To be frank, there really wasn’t much creativity by the actual team members involved, as the chefs clearly had ideas in mind for what to do. I get why they set it up this way: the vast majority of people who take these classes have little to no experience cooking (New York City is the land of delivery, after all, and here, speed and convenience are king), so it would not be good to have a cooking competition where blind people are leading other blind people on a team. My team had shrimp, Israeli couscous, and string beans. The other team had skirt steak, potatoes, and spinach.
Our chef pretty much said, let’s make a pesto for the shrimp! And let’s also do a roasted tomato and vegetable stock based couscous! And who were we to object? I suggested using the ground coconut for a Kerala string bean sauté; he was not on board with this, and lightly suggested ginger-soy string beans. This excited everyone on the team except me. That just screamed “boring and predictable” to me. The other team ended up making a marinated skirt steak, French fries with rosemary oil, and buttered spinach. And somehow, they won despite how predictable their menu was, that their skirt steak was mostly well done, and at best, medium well in the center. The judges said that the fries were “creative,” but when did French fries become unique?

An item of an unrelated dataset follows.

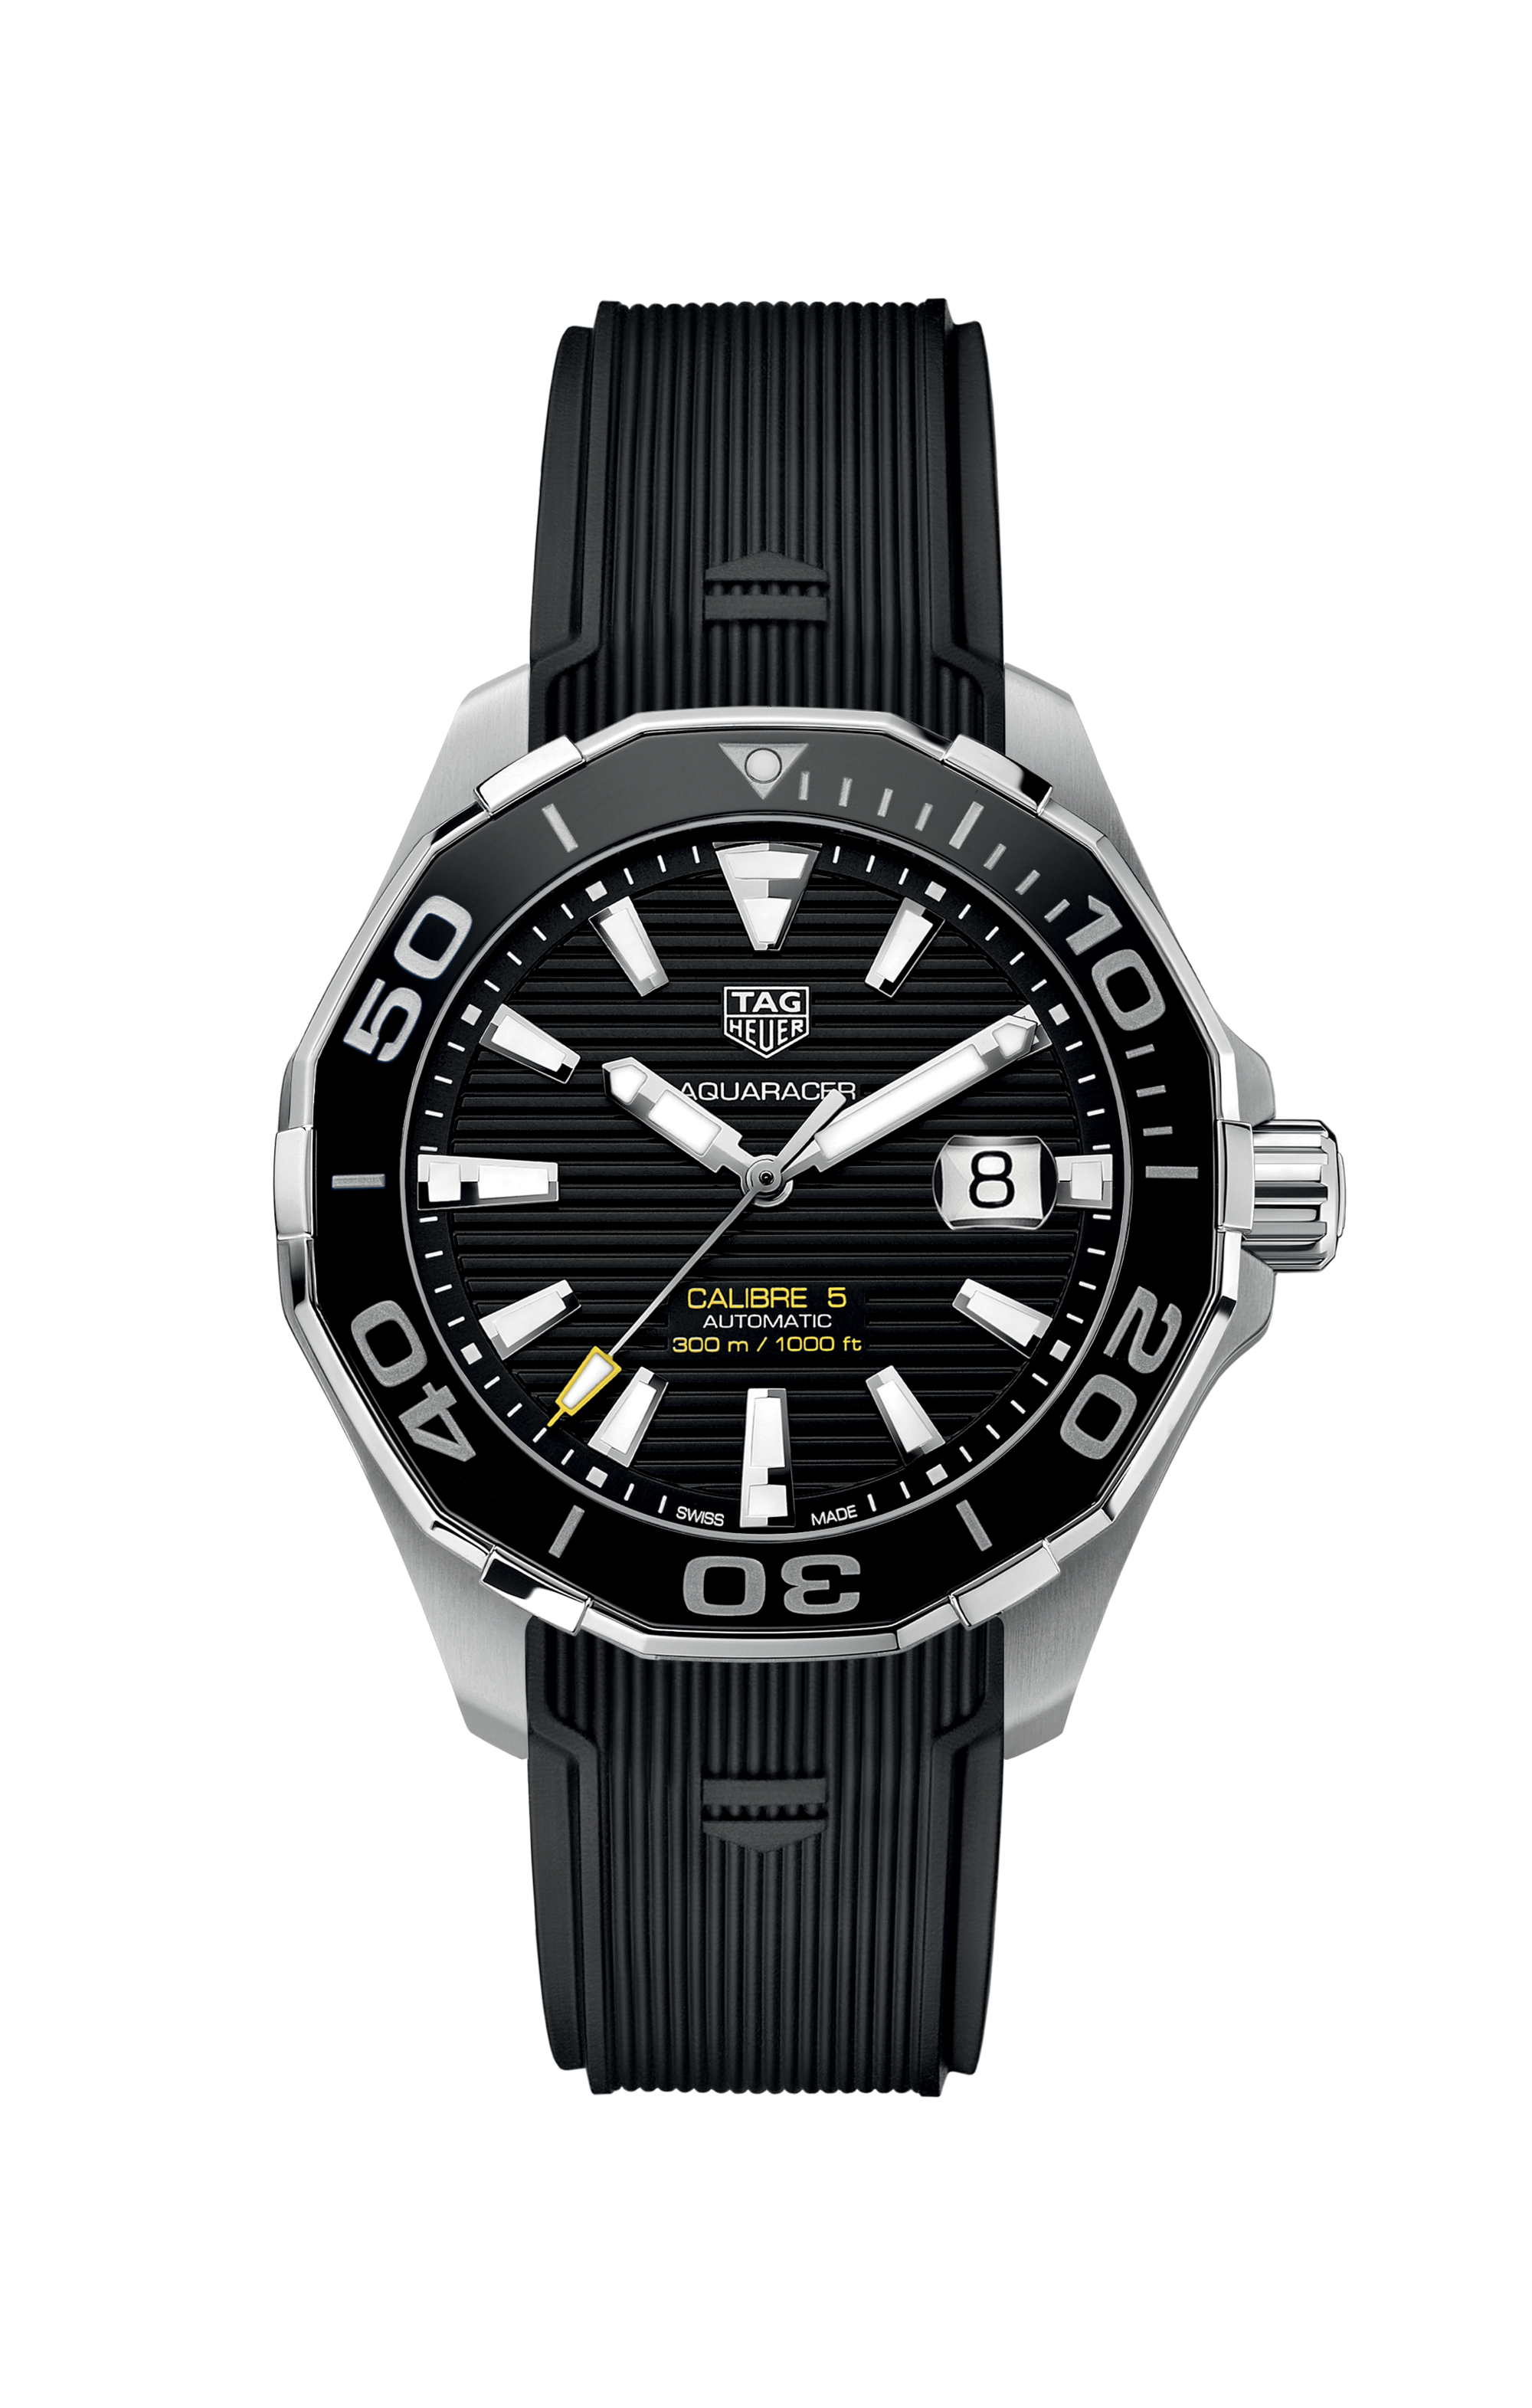 TAG Heuer Good Product [TAG HEUER] TAG Heuer Aquaracer Ogasawara Islands 500 Pieces Limited Model WAY2117 Automatic Winding Men's [ev15] [Used]

It was all fun in the end, and it was nice to be able to get out of the office and do something that wasn’t work related. But I didn’t really like that they made it sound like we had free reign to do whatever we wanted with the food and to be rated on our “creativity” when it was clear that we were at the whims of our assigned chefs and not our own minds. In that case, I would have preferred to just have assigned dishes with recipes per team and to eat everything together in the end. It’s either a real competition or not. It’s either with recipes or it isn’t. You shouldn’t have it somewhere in between.